Problem statement:
Output only these lines, set down exactly: the one containing "base image of the male y-neck shirt mockup" and each line after it through the end of the records.

Extracted records:
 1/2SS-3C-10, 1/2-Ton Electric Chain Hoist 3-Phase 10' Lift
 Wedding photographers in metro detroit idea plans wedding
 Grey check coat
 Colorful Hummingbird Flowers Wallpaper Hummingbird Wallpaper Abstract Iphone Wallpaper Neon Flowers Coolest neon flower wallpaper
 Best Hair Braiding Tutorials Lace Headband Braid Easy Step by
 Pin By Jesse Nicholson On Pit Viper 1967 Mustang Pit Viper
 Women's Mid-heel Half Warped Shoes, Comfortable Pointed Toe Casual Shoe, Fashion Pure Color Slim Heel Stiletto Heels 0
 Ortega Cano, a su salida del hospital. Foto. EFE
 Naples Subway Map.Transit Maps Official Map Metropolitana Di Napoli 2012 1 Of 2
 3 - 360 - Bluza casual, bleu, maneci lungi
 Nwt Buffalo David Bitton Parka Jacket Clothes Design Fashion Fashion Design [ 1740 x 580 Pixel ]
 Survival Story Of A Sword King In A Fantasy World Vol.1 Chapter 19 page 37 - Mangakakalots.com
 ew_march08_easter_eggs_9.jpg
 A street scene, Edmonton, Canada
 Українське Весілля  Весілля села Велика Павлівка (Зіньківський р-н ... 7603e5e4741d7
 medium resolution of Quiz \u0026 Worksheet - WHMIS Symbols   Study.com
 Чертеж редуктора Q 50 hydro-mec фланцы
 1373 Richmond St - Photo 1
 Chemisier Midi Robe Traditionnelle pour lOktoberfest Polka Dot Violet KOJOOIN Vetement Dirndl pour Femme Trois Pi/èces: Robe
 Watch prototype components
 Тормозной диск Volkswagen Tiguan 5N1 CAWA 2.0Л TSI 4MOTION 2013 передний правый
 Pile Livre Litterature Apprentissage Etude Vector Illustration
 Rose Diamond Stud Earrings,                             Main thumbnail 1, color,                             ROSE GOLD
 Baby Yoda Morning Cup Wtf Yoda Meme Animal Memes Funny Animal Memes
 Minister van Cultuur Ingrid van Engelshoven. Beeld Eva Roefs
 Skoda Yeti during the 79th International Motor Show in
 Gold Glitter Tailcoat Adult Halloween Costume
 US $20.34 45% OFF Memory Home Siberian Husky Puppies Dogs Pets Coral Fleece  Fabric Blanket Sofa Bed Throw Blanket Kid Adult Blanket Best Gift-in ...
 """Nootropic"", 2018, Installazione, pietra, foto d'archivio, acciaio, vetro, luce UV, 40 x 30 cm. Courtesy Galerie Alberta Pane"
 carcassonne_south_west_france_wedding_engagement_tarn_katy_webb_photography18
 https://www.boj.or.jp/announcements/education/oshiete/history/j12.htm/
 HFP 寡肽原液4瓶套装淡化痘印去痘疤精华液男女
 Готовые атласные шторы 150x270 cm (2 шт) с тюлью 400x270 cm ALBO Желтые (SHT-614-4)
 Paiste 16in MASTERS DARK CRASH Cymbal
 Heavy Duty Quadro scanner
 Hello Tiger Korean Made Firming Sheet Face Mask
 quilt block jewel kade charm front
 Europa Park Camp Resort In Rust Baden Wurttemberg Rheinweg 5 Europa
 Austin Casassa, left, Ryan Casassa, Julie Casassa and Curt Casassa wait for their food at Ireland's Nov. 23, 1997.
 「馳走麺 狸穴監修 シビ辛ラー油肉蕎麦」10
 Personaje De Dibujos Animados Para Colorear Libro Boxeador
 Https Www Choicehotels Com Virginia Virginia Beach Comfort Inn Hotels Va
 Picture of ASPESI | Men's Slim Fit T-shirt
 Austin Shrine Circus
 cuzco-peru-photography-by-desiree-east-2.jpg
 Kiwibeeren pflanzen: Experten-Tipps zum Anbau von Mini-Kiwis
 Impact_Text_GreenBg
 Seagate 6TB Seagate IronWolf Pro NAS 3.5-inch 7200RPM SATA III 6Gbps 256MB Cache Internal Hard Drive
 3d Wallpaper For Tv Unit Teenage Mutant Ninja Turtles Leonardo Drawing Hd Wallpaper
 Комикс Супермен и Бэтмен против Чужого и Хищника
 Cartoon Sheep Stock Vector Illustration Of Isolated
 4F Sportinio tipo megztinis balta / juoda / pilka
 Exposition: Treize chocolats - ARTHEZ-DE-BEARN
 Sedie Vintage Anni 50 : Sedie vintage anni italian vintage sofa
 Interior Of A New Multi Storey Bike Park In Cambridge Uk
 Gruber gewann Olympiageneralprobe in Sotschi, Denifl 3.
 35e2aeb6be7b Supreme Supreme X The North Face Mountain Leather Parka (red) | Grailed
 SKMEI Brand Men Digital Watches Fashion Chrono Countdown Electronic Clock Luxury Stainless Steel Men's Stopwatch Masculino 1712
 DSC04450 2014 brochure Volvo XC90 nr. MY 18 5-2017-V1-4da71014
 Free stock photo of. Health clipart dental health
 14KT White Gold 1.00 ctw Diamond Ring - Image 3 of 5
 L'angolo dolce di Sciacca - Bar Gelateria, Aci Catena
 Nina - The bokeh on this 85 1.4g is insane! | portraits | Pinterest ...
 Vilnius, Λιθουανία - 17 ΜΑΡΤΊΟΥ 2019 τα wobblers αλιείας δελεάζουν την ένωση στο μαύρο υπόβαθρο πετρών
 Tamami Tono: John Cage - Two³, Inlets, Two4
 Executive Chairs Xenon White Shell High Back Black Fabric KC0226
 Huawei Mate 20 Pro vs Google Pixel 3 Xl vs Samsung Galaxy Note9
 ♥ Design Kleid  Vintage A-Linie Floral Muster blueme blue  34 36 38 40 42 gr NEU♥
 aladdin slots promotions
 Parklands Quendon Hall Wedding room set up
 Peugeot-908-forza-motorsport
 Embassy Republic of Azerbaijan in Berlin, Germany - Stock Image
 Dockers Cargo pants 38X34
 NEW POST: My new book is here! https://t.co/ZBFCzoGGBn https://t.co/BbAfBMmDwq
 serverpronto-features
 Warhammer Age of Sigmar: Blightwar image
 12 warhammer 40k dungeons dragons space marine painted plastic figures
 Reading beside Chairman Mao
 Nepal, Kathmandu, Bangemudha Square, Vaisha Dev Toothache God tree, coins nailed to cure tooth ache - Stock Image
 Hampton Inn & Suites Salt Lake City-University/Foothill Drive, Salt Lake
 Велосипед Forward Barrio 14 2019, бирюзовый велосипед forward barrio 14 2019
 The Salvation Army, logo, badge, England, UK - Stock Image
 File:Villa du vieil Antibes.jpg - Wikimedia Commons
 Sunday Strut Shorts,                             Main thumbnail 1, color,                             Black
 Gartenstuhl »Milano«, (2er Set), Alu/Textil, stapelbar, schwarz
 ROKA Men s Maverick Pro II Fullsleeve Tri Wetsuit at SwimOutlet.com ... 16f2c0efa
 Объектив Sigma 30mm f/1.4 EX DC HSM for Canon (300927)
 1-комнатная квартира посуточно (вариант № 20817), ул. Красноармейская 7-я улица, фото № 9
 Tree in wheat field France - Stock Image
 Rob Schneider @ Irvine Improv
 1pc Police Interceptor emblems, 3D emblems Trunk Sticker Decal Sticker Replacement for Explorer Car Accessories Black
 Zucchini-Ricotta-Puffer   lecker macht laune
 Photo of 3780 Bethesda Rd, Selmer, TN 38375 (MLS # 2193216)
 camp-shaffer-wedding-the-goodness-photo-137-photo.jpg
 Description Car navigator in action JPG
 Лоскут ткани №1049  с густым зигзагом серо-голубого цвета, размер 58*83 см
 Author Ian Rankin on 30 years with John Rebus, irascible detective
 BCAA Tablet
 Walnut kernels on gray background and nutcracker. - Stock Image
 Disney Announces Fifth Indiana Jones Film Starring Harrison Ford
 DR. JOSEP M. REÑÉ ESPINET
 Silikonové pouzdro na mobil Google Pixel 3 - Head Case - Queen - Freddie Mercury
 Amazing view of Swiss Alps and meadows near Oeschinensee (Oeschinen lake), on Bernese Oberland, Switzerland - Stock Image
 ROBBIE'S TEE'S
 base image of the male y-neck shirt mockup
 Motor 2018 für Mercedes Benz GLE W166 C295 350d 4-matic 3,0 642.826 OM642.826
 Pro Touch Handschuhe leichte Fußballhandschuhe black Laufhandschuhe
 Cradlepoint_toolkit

Completed exercise:
 base image of the male y-neck shirt mockup
 Motor 2018 für Mercedes Benz GLE W166 C295 350d 4-matic 3,0 642.826 OM642.826
 Pro Touch Handschuhe leichte Fußballhandschuhe black Laufhandschuhe
 Cradlepoint_toolkit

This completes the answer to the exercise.